*BRIEF*:
Give the data again exactly as written, without any of its pictures.
PROVIDED DATA below:
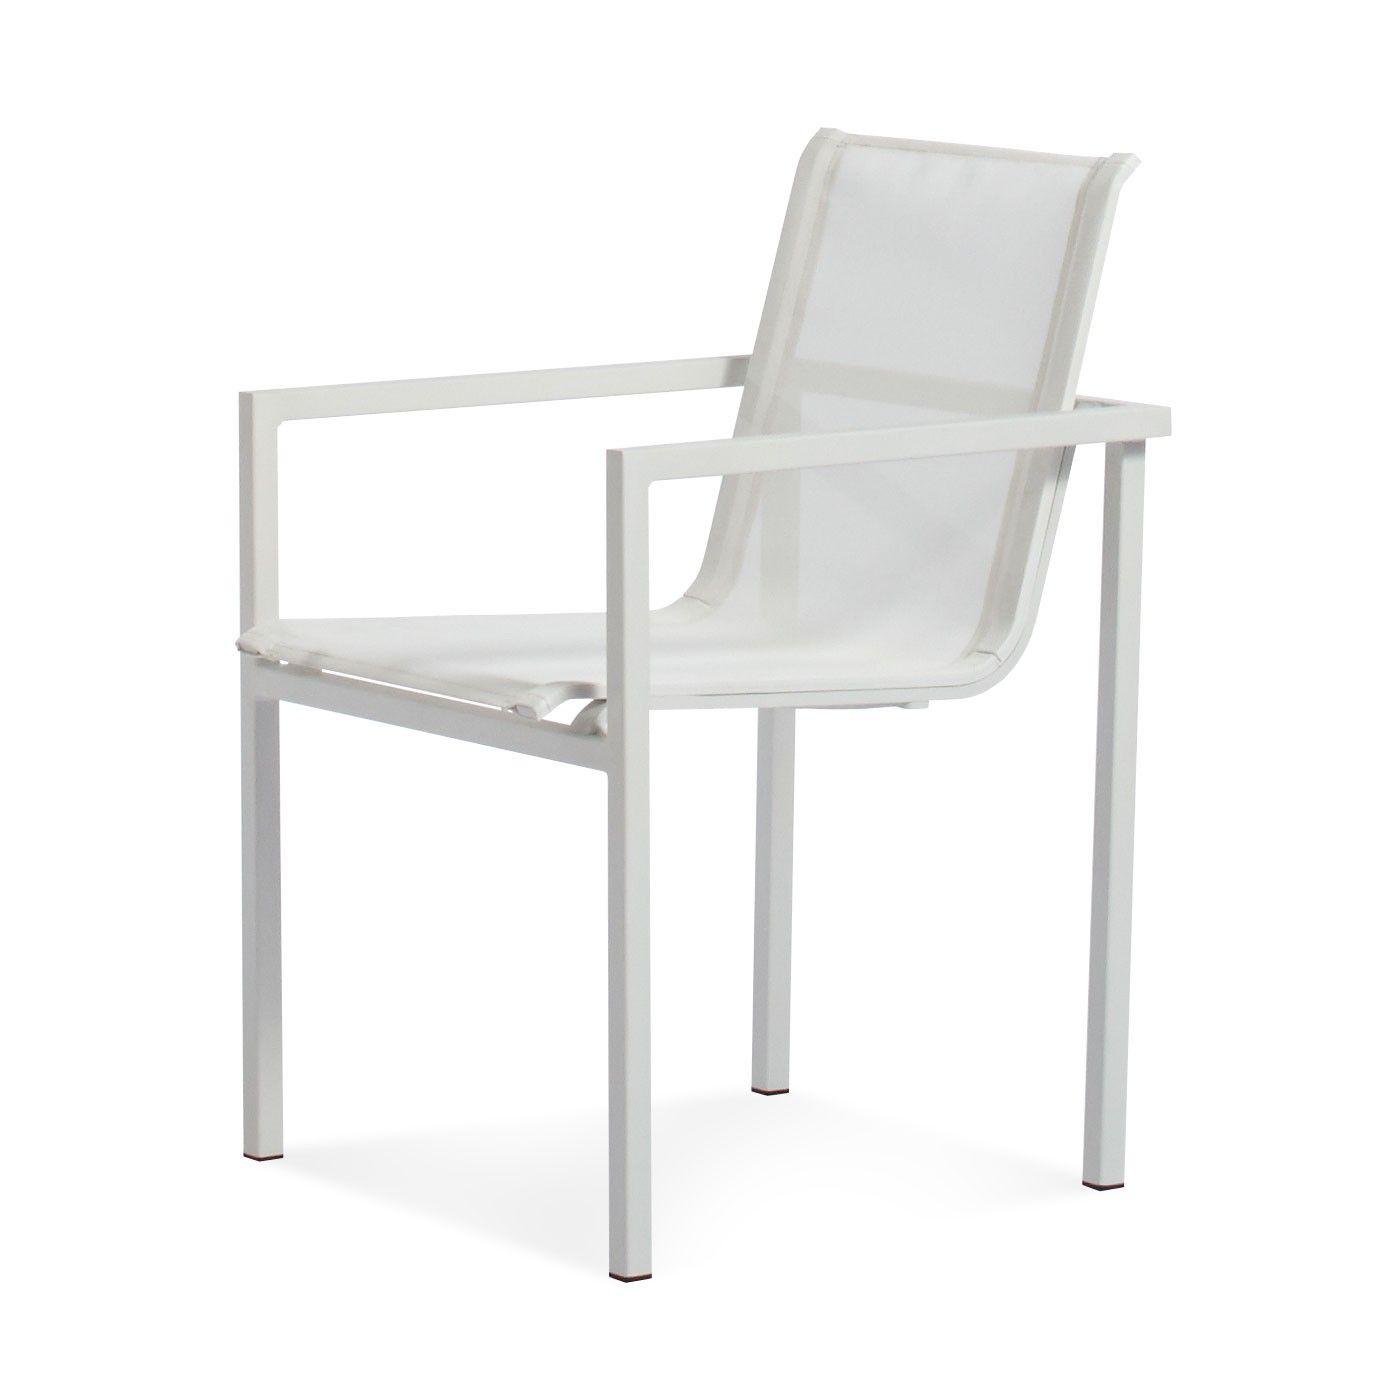 Skiff Outdoor Stacking Chair   Modern Outdoor Seating   Blu Dot
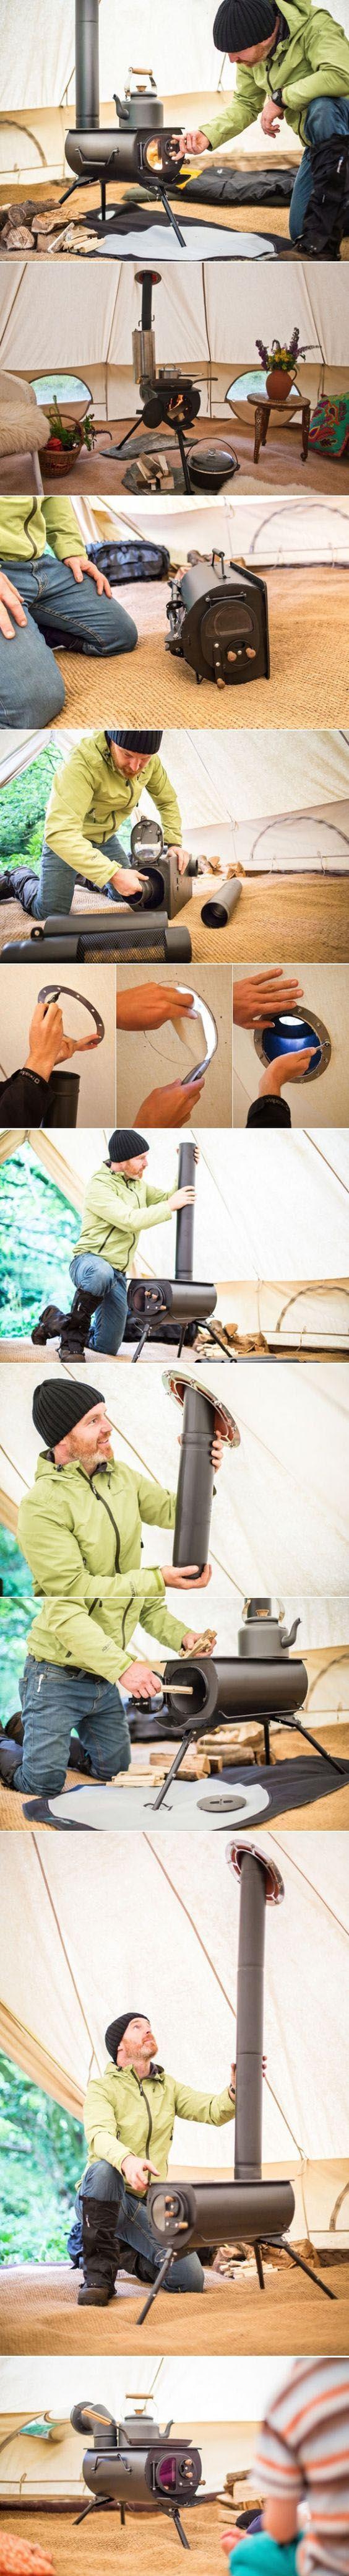 Best 25+ Tent stove ideas on Pinterest
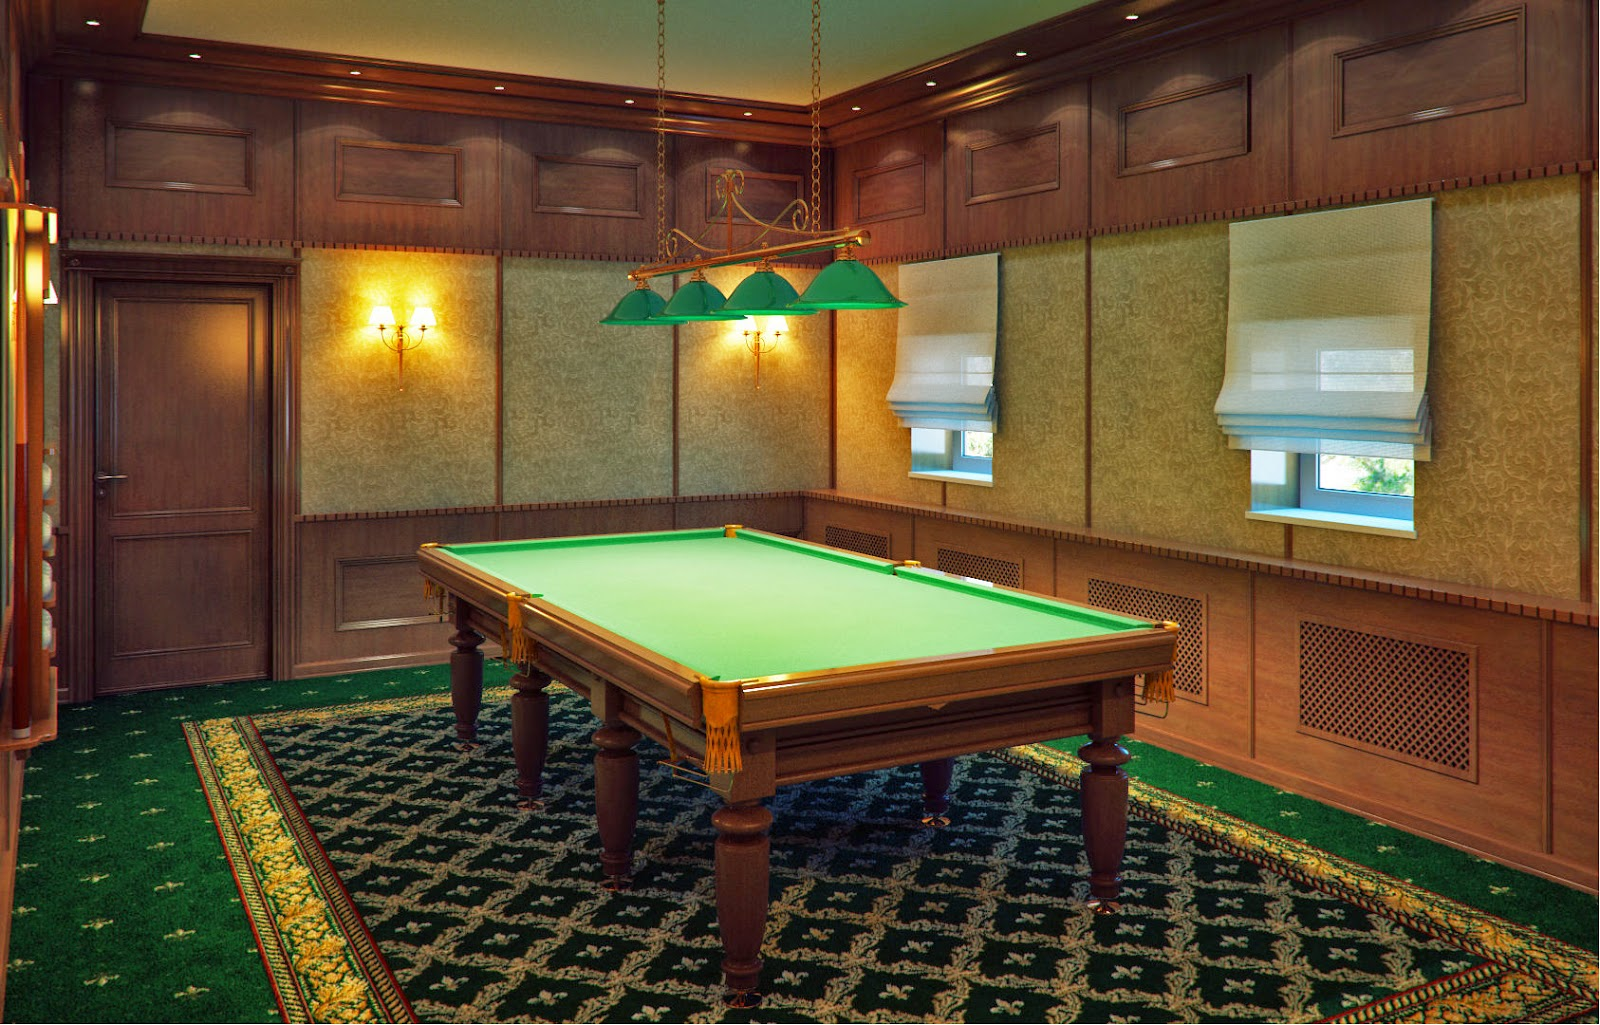 Willowbrook Park Billiard Table
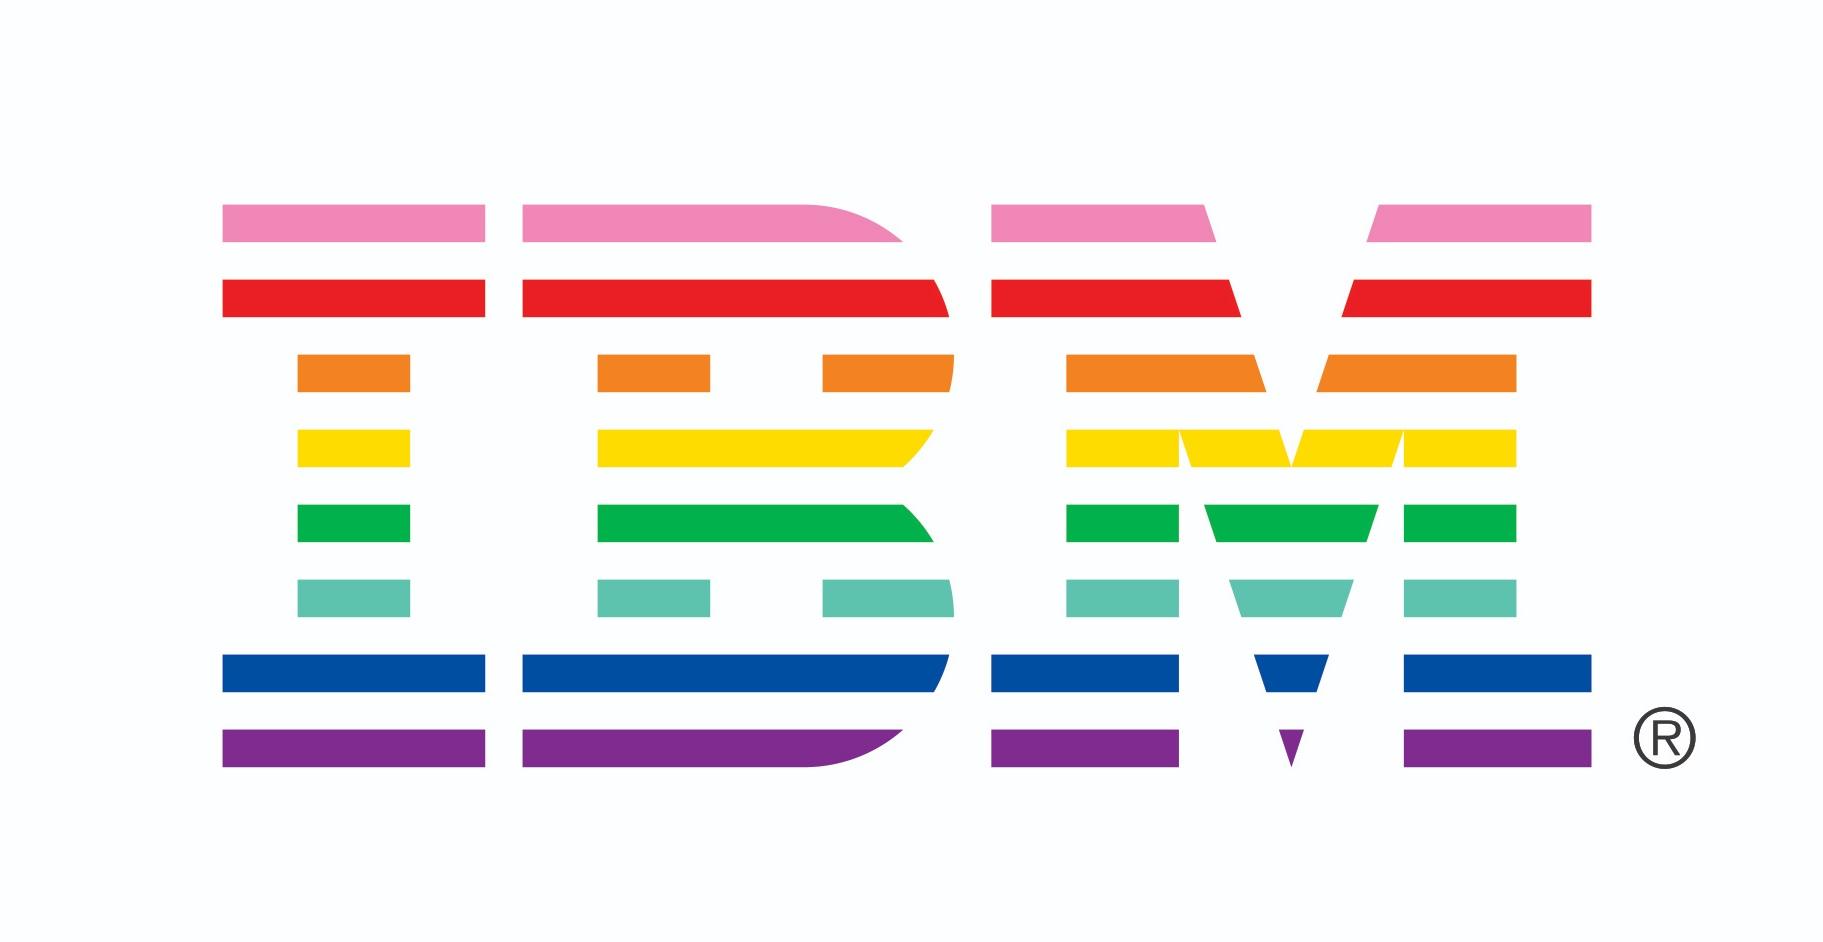 IBM_LGBT_logo%C2%AE_CMYK_XXL_2494x1688.jpg
End of PROVIDED DATA.
*TASK OUTPUT*:
 Skiff Outdoor Stacking Chair   Modern Outdoor Seating   Blu Dot
 Best 25+ Tent stove ideas on Pinterest
 Willowbrook Park Billiard Table
 IBM_LGBT_logo%C2%AE_CMYK_XXL_2494x1688.jpg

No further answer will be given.